Multicenter clinical evaluation of VITEK® 2 meropenem-vaborbactam for susceptibility testing of
Enterobacterales
and
Pseudomonas aeruginosa
The carbapenem/beta-lactamase inhibitor (meropenem-vaborbactam; MEV) used to treat complicated urinary tract infections and pyelonephritis in adults was approved in 2017 by the U.S. Food and Drug Administration (FDA). We evaluated VITEK 2 MEV (bioMérieux, Durham, NC) compared to the reference broth microdilution (BMD) method.

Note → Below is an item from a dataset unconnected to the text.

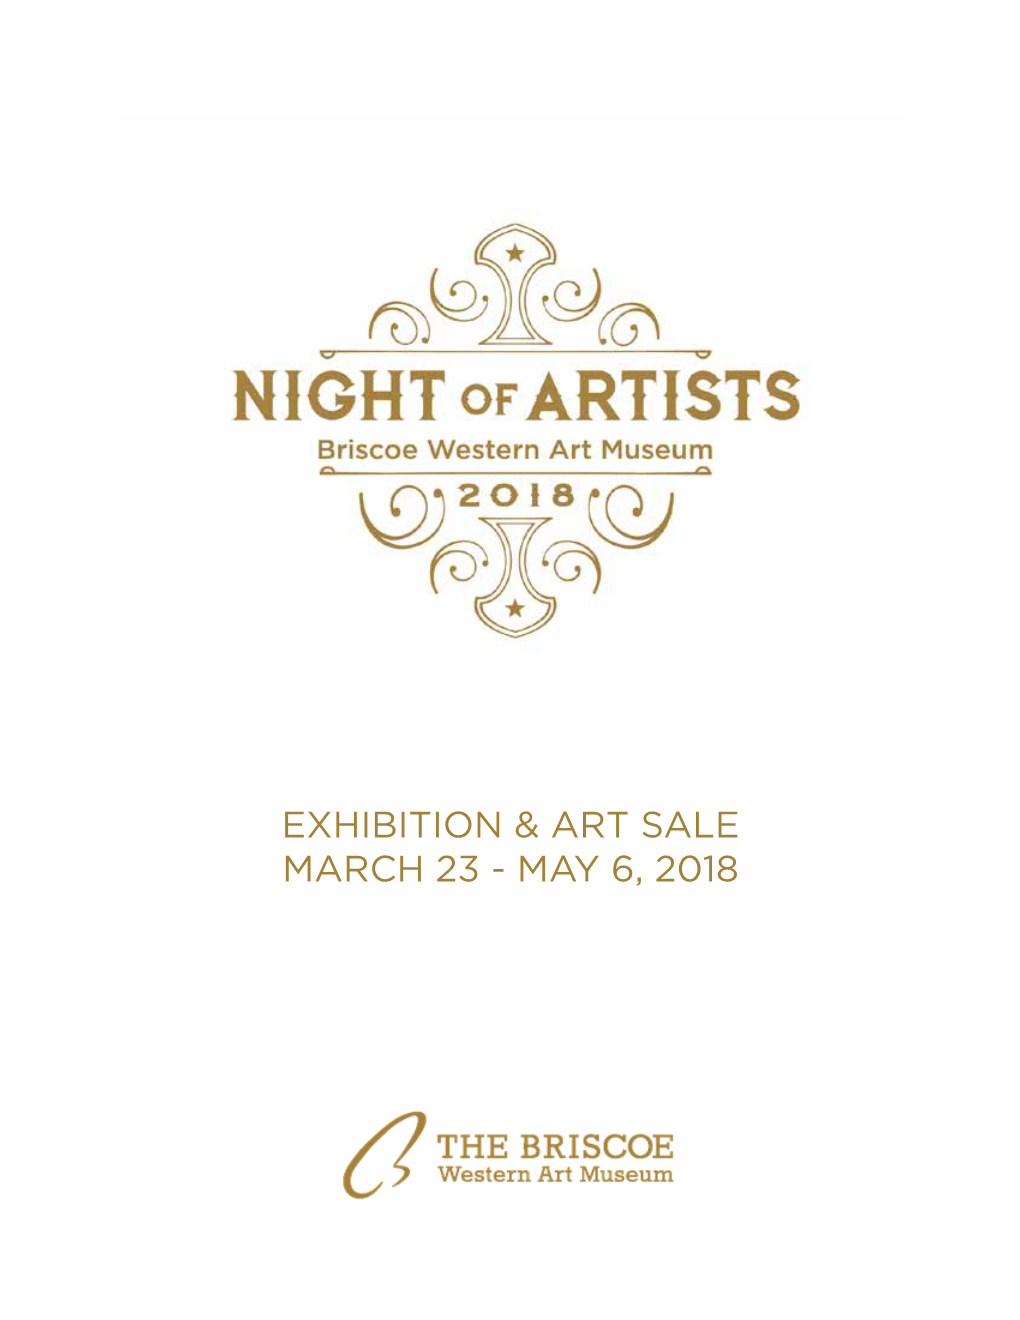 Exhibition & Art Sale March 23

Of 449 Enterobacterales isolates analyzed per FDA/CLSI breakpoints, overall performance was 98.2% Essential Agreement (EA), 98.7% Category Agreement (CA), and 0% Very Major Errors (VME) or Major Errors (ME). For FDA intended for use 438 Enterobacterales isolates, performance was 98.2% EA, 98.6% CA, and 0% VME or ME. Evaluable EA was 81.0% but with only 42 on-scale evaluable results. Individual species demonstrated EA and CA rates ≥ 90% without any VME or ME. When evaluated using European Committee on Antimicrobial Susceptibility Testing (EUCAST) breakpoints, overall VITEK 2 MEV performance for Enterobacterales and Pseudomonas aeruginosa demonstrated 97.3% EA, 99.2% CA, 2.3% VME, and 0.6% ME (after error resolution: 97.3% EA, 99.4% CA, 2.2% VME, and 0.4% ME) compared to the reference BMD method. Performance for P. aeruginosa included 92.2% EA, 97.4% CA, 0% VME, and 3.0% ME (after error resolution: 92.2% EA, 98.7% CA, 0% VME, and 1.5% ME). Performance for Enterobacterales included 98.2% EA, 99.6% CA, 3.0% VME, and 0.2% ME. Evaluable EA was 80.6% but due to only 67 evaluable results. These findings support VITEK 2 MEV as an accurate automated system for MEV susceptibility testing of Enterobacterales and P. aeruginosa and could be an alternate solution to the manual labor intensive reference BMD method.